ControlNet is like an add-on neural network that works alongside Stable Diffusion to give you more precise control over the image generation process. Instead of relying on just a text prompt, ControlNet lets you feed extra image-based guidance (like sketches, edges, or poses) so the generated image better matches your vision.
Stable Diffusion generates images from text, but sometimes the output can be unpredictable or not exactly what you want in terms of composition or structure.
ControlNet solves this by providing a strong conditioning signal — that is, it tells the model where and how to generate certain shapes or layouts based on the extra input you provide (like a rough sketch or an edge map).

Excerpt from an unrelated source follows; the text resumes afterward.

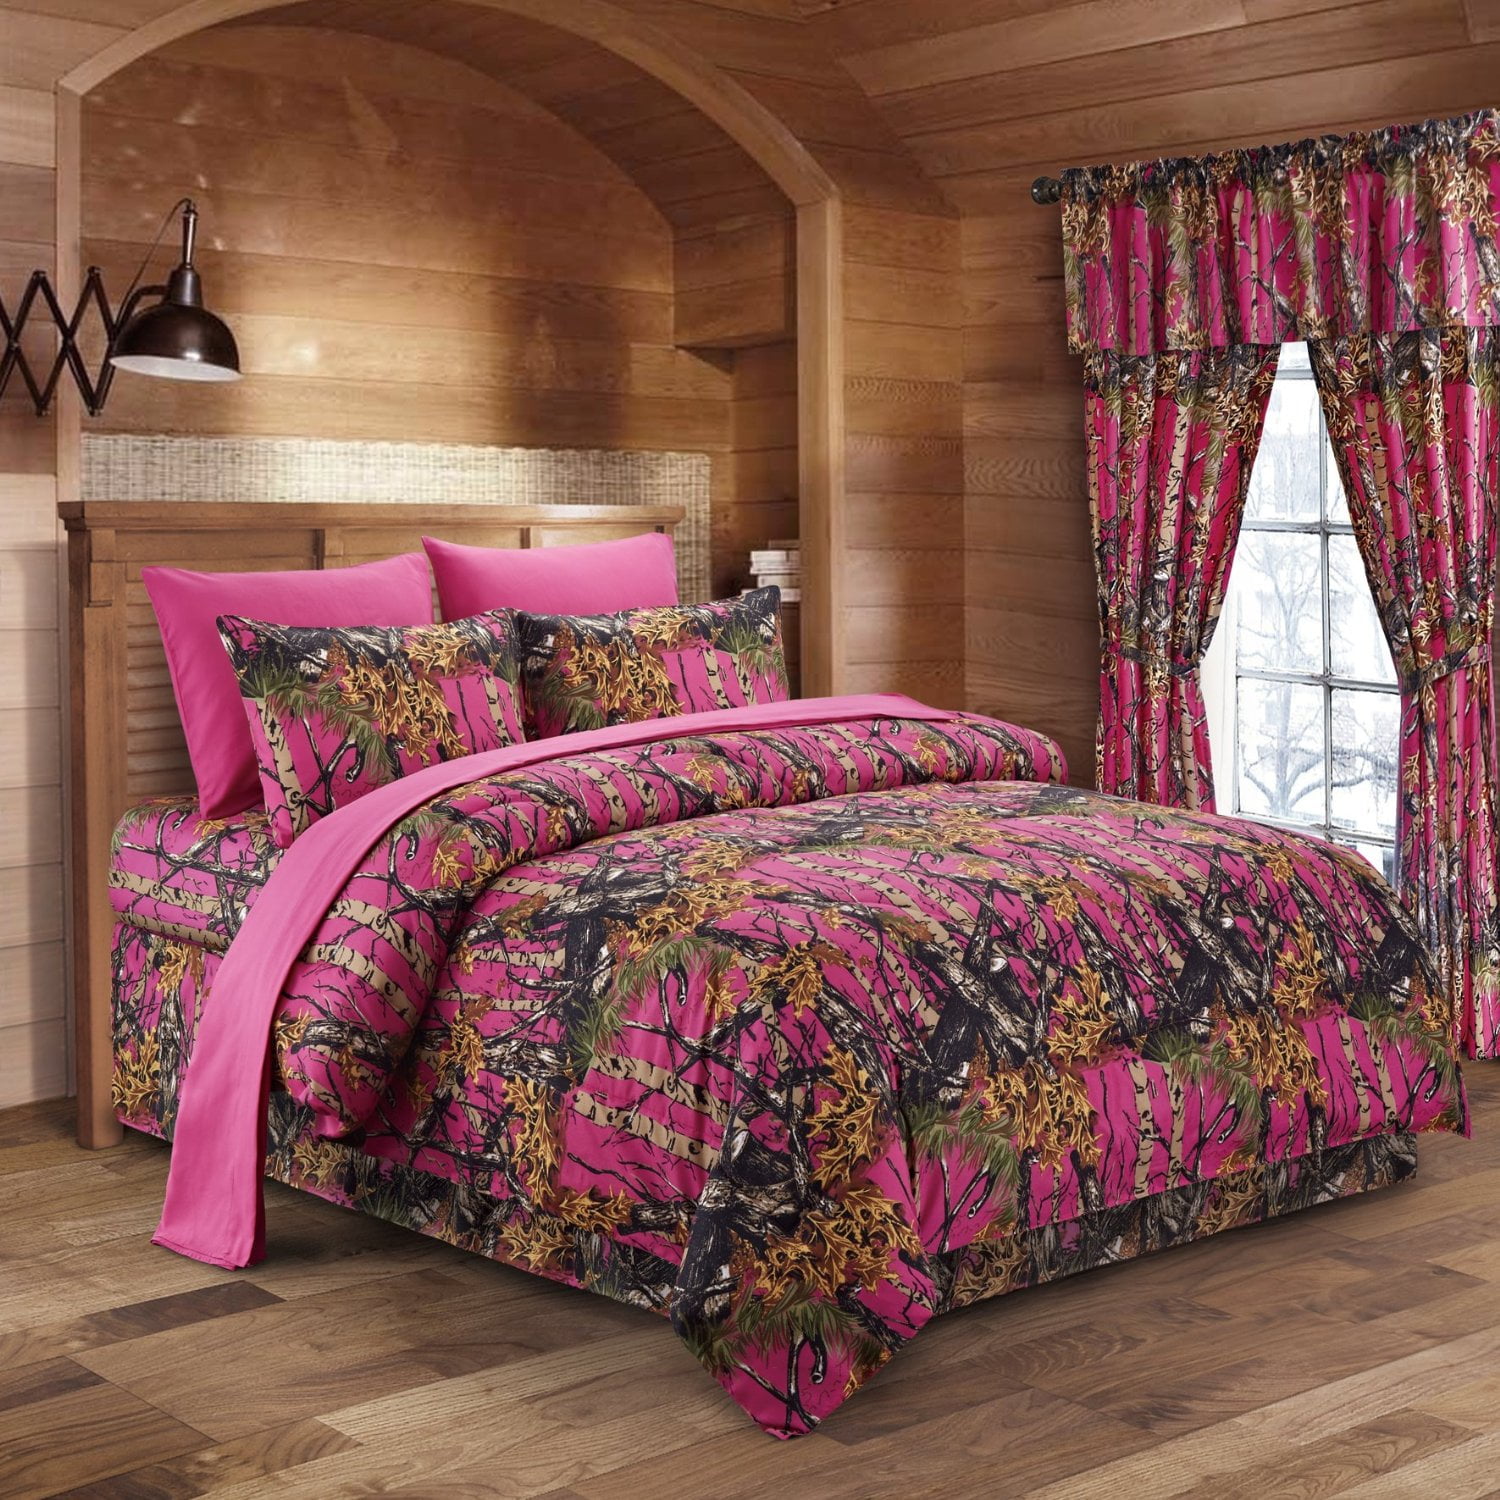 Pink Camo Sheet Set 4 Pc Realtree Bedroom Decor Camouflage MicroFiber Hunter New 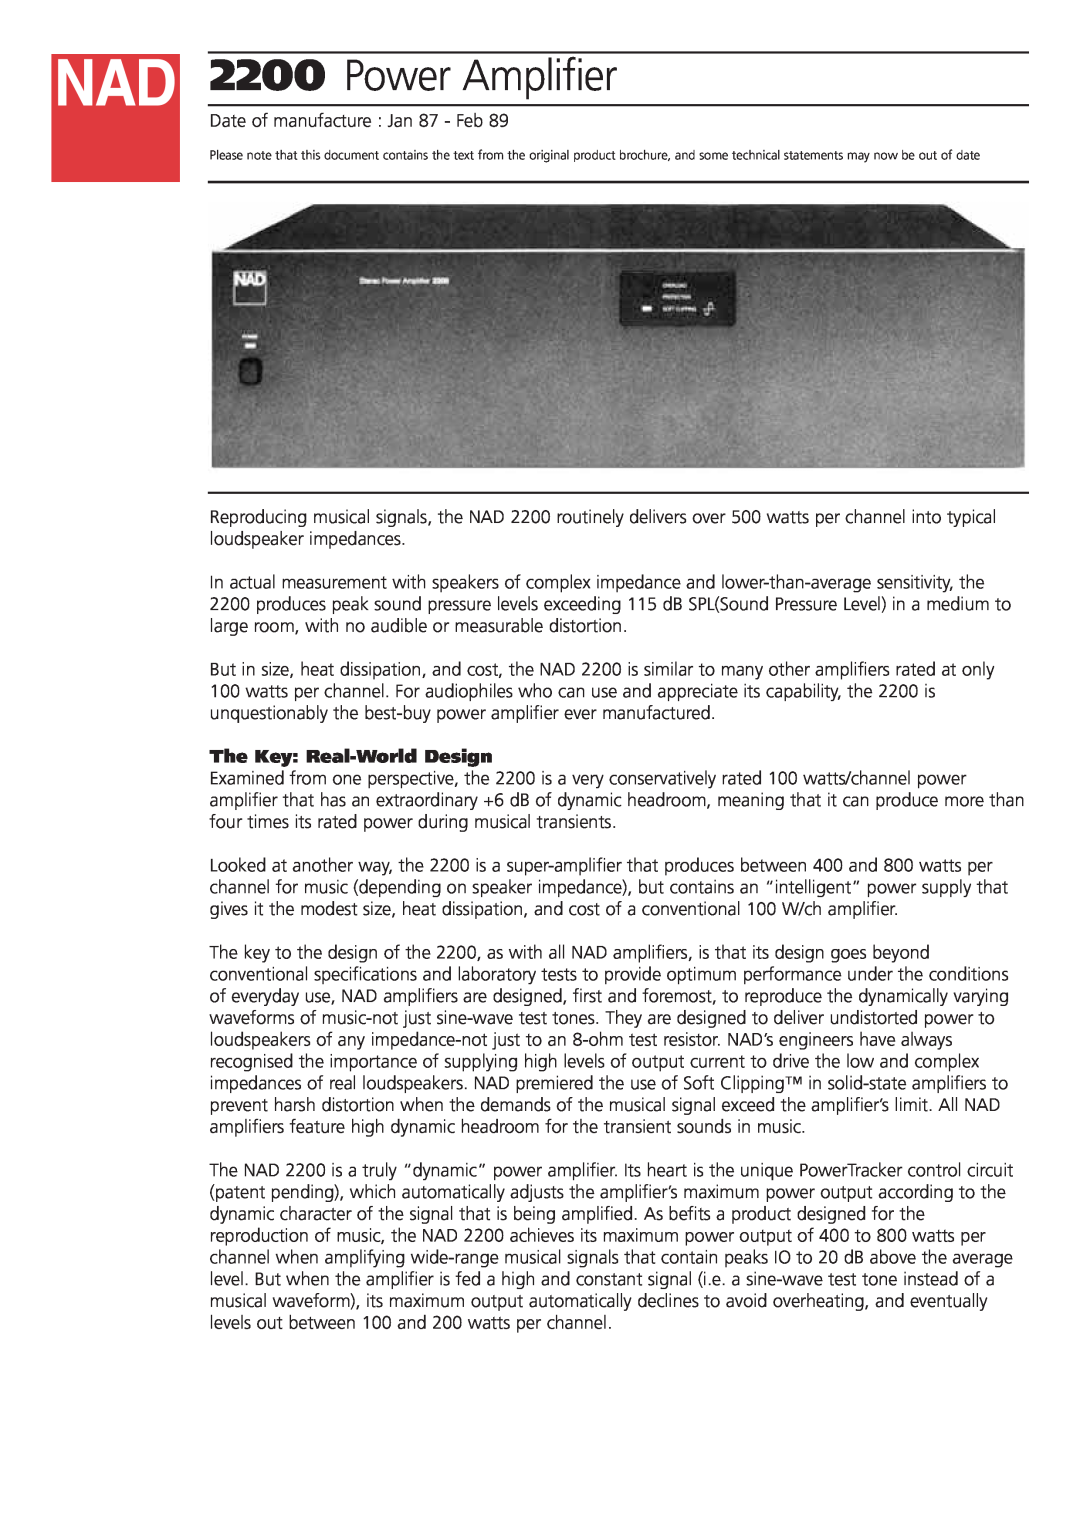 NAD 2200 brochure The Key Real-WorldDesign, Power Amplifier

| Control Type | Description | Use case example |
|---|---|---|
| Canny | Edge detection from an image using the Canny algorithm | Generate an image that respects the outline of an existing drawing or photo |
| HED (Holistically-Nested Edge Detection) | A more sophisticated edge detection that captures fine details | Similar to Canny but captures edges more precisely |
| OpenPose | Extracts human body pose keypoints (stick figure style) | Generate images with a specific human pose or movement |
| Depth | Depth map that encodes distance information of objects | Generate images with correct 3D perspective and depth |
| Normal Map | Surface orientation map that helps with lighting and 3D shape | Useful for generating realistic 3D lighting effects |
| MLSD (Line Segment Detector) | Detects straight line segments | Useful for architectural or structured scenes |